= EXERCISE OBJECTIVE =
Each image should be skipped while the records are restated word for word.

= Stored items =
################

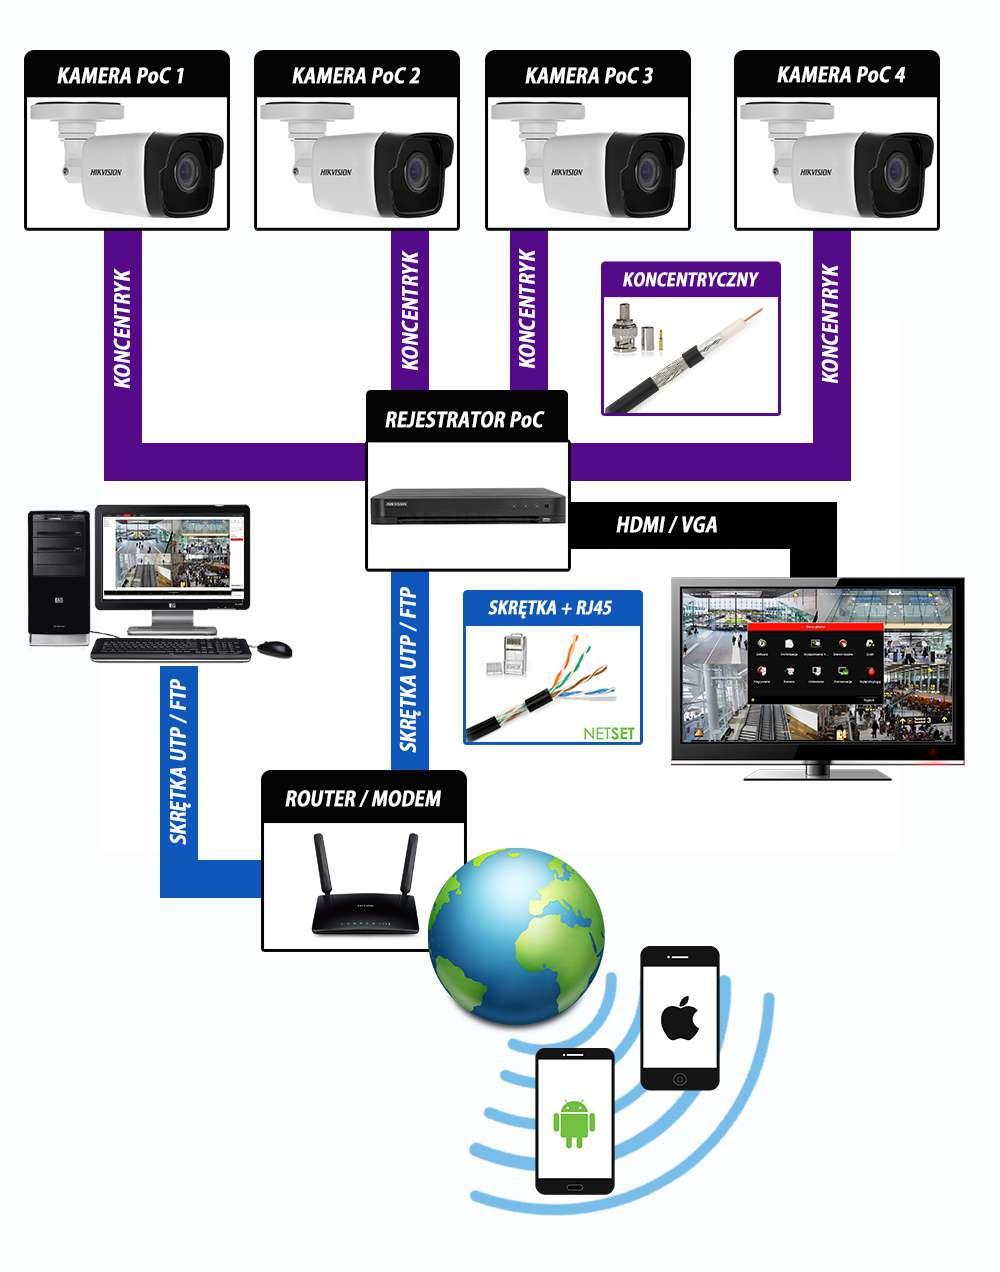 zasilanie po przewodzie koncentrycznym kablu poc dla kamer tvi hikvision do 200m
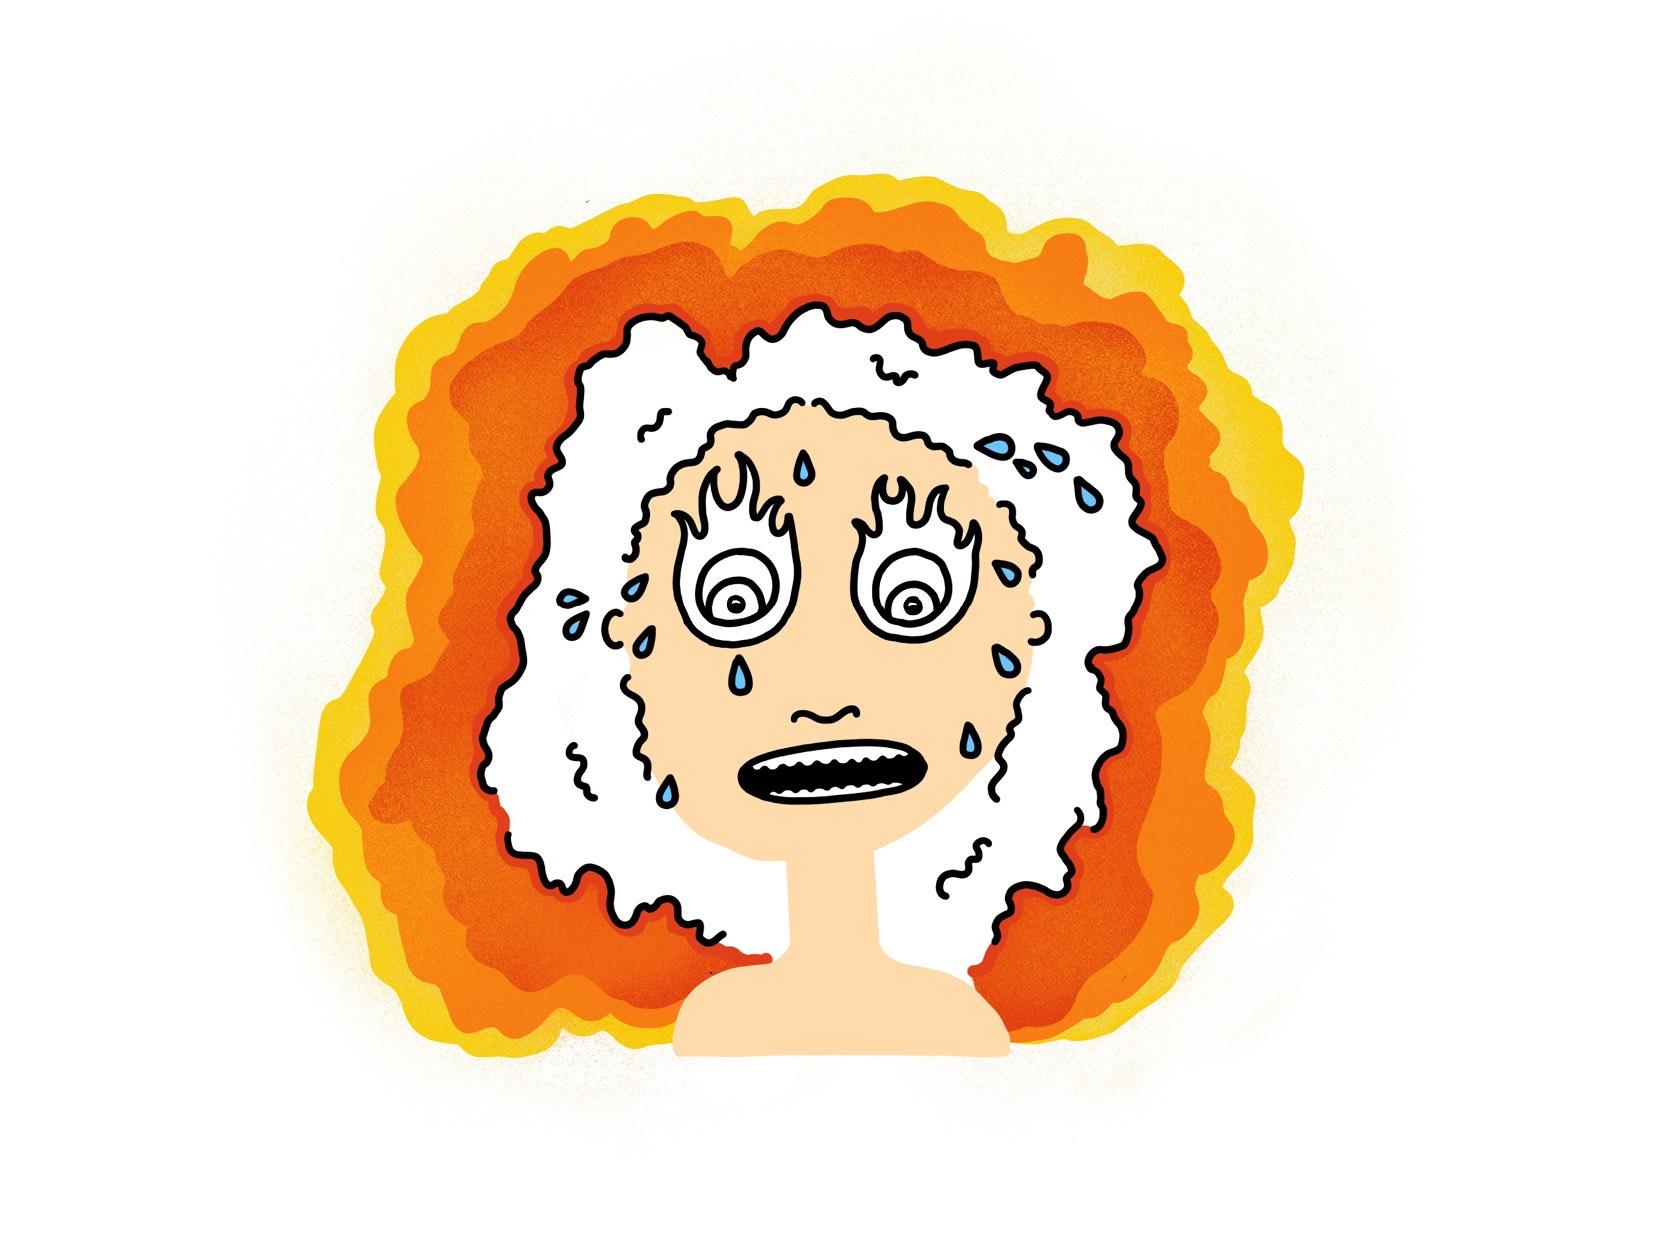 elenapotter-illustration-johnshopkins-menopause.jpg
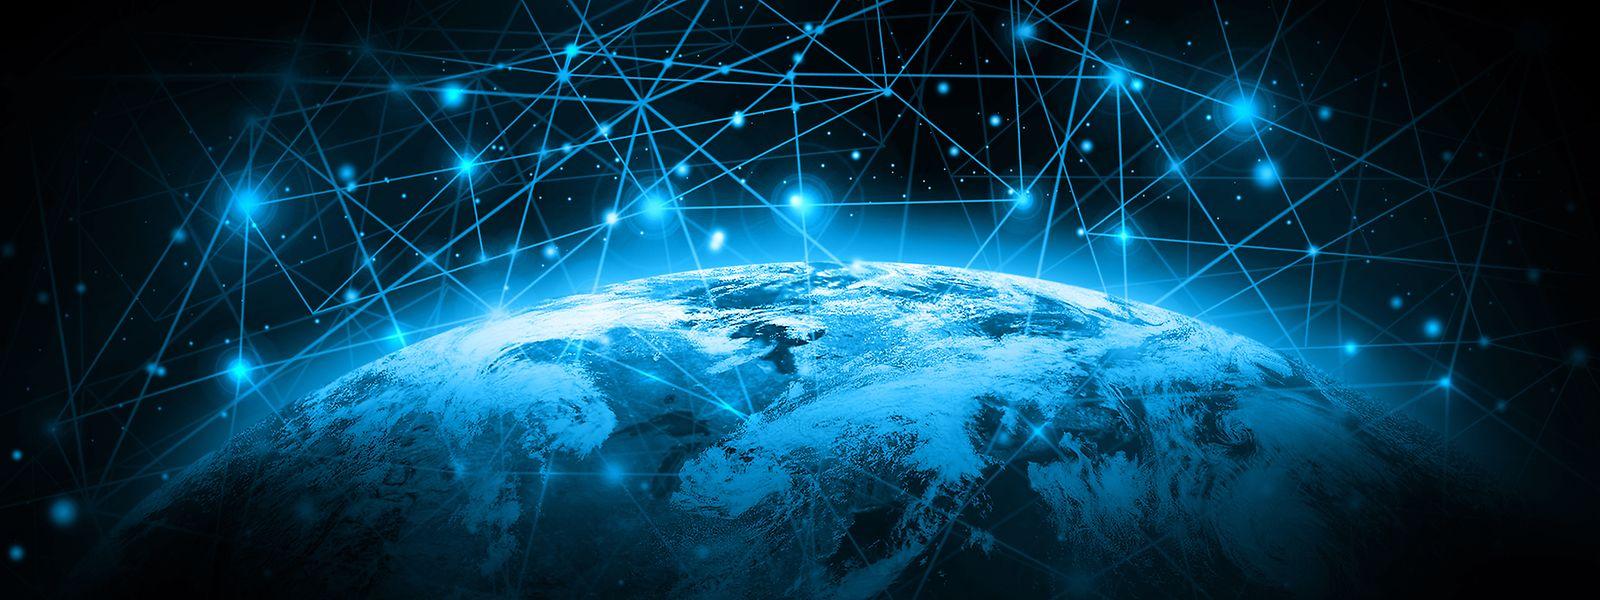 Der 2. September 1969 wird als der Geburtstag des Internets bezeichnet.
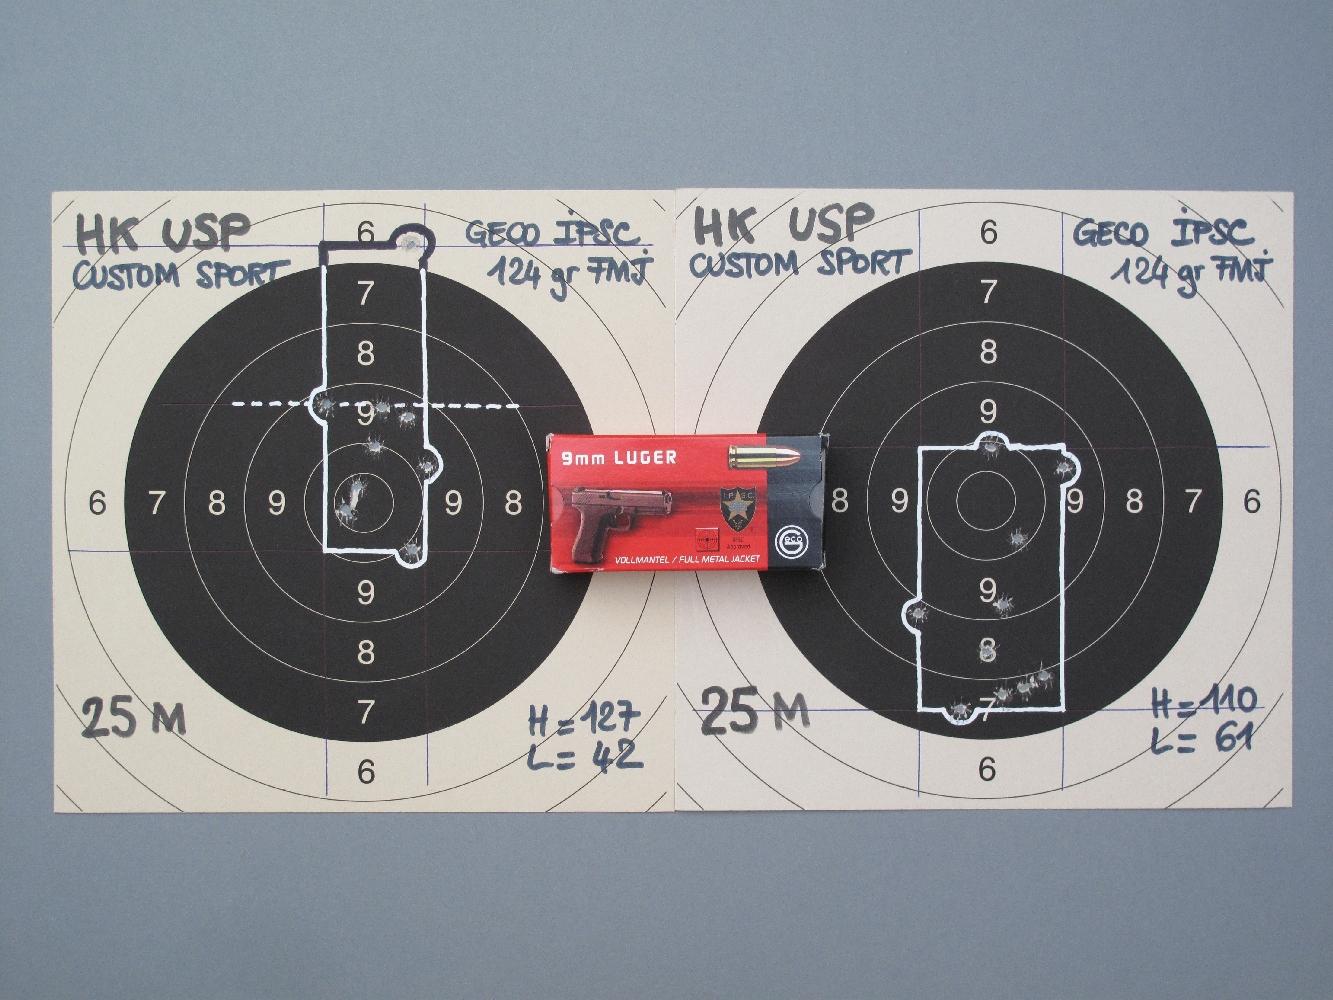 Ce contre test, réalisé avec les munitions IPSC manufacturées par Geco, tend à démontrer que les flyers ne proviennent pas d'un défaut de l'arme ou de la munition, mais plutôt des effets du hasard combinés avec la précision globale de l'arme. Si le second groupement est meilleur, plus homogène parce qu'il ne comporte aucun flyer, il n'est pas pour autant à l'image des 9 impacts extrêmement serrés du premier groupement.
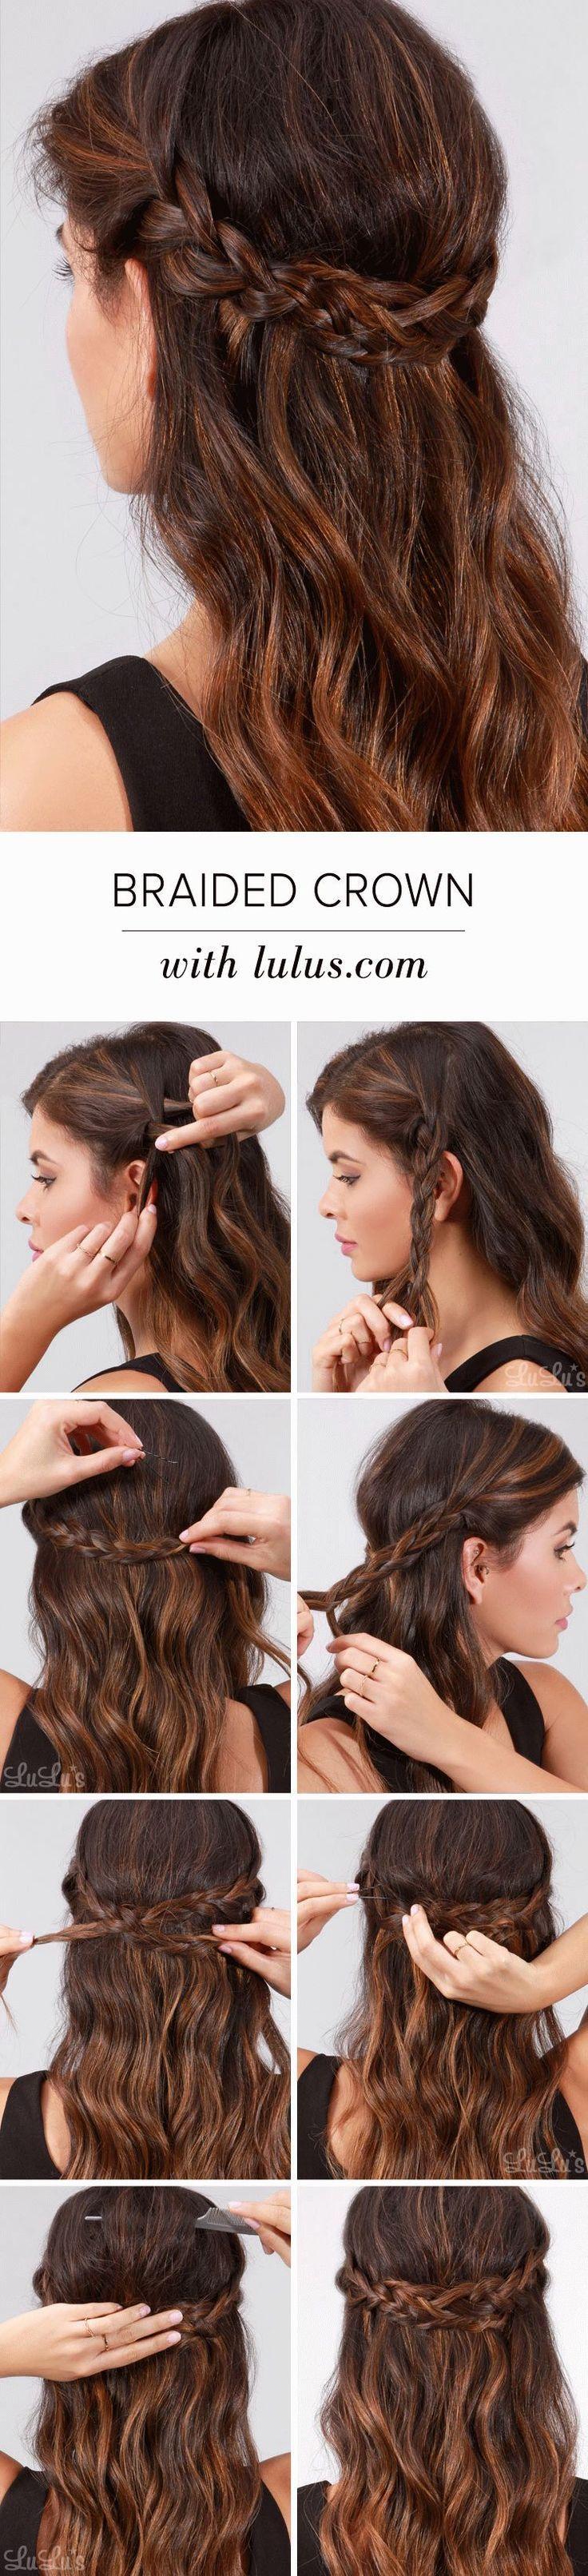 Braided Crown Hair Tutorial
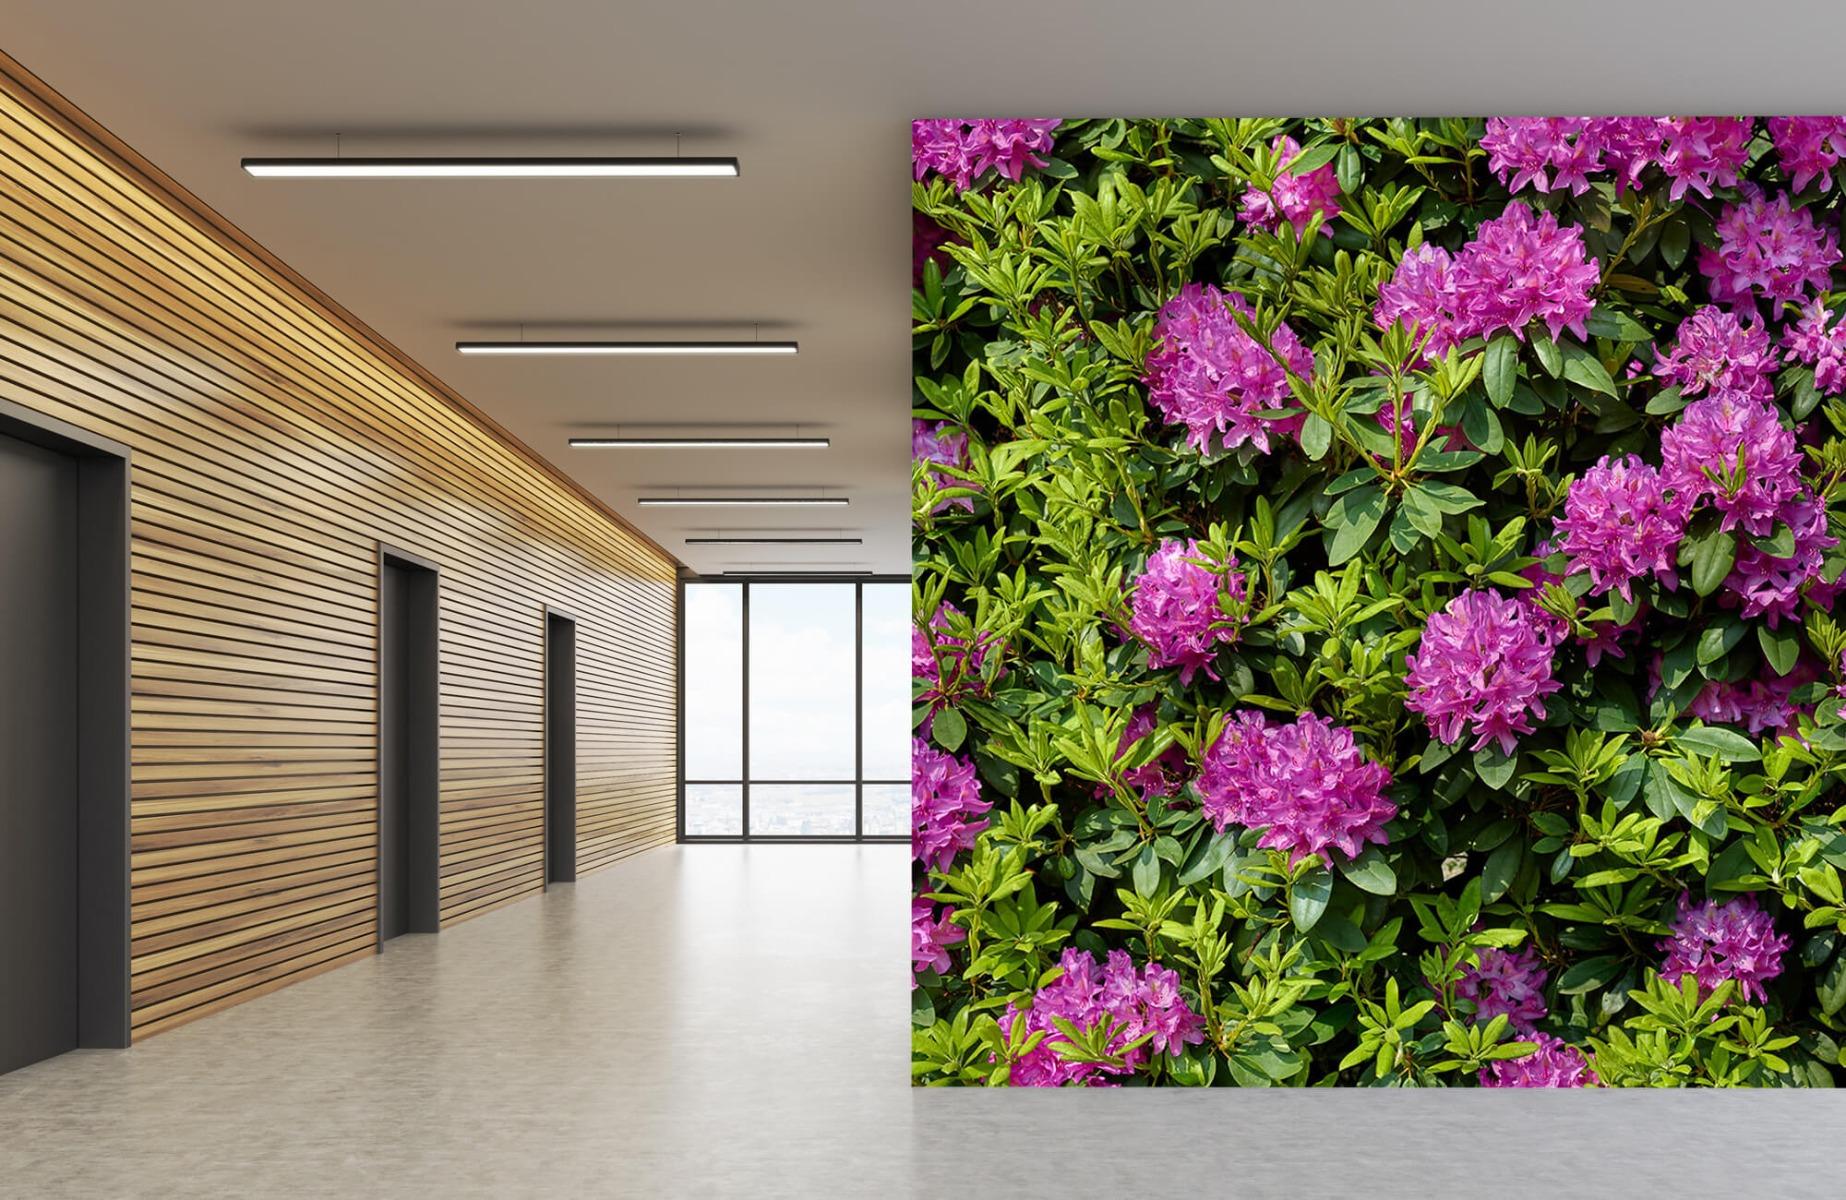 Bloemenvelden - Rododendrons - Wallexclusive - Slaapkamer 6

################

= TASK ANSWER =
 zasilanie po przewodzie koncentrycznym kablu poc dla kamer tvi hikvision do 200m
 elenapotter-illustration-johnshopkins-menopause.jpg
 Der 2. September 1969 wird als der Geburtstag des Internets bezeichnet.
 Ce contre test, réalisé avec les munitions IPSC manufacturées par Geco, tend à démontrer que les flyers ne proviennent pas d'un défaut de l'arme ou de la munition, mais plutôt des effets du hasard combinés avec la précision globale de l'arme. Si le second groupement est meilleur, plus homogène parce qu'il ne comporte aucun flyer, il n'est pas pour autant à l'image des 9 impacts extrêmement serrés du premier groupement.
 Braided Crown Hair Tutorial
 Bloemenvelden - Rododendrons - Wallexclusive - Slaapkamer 6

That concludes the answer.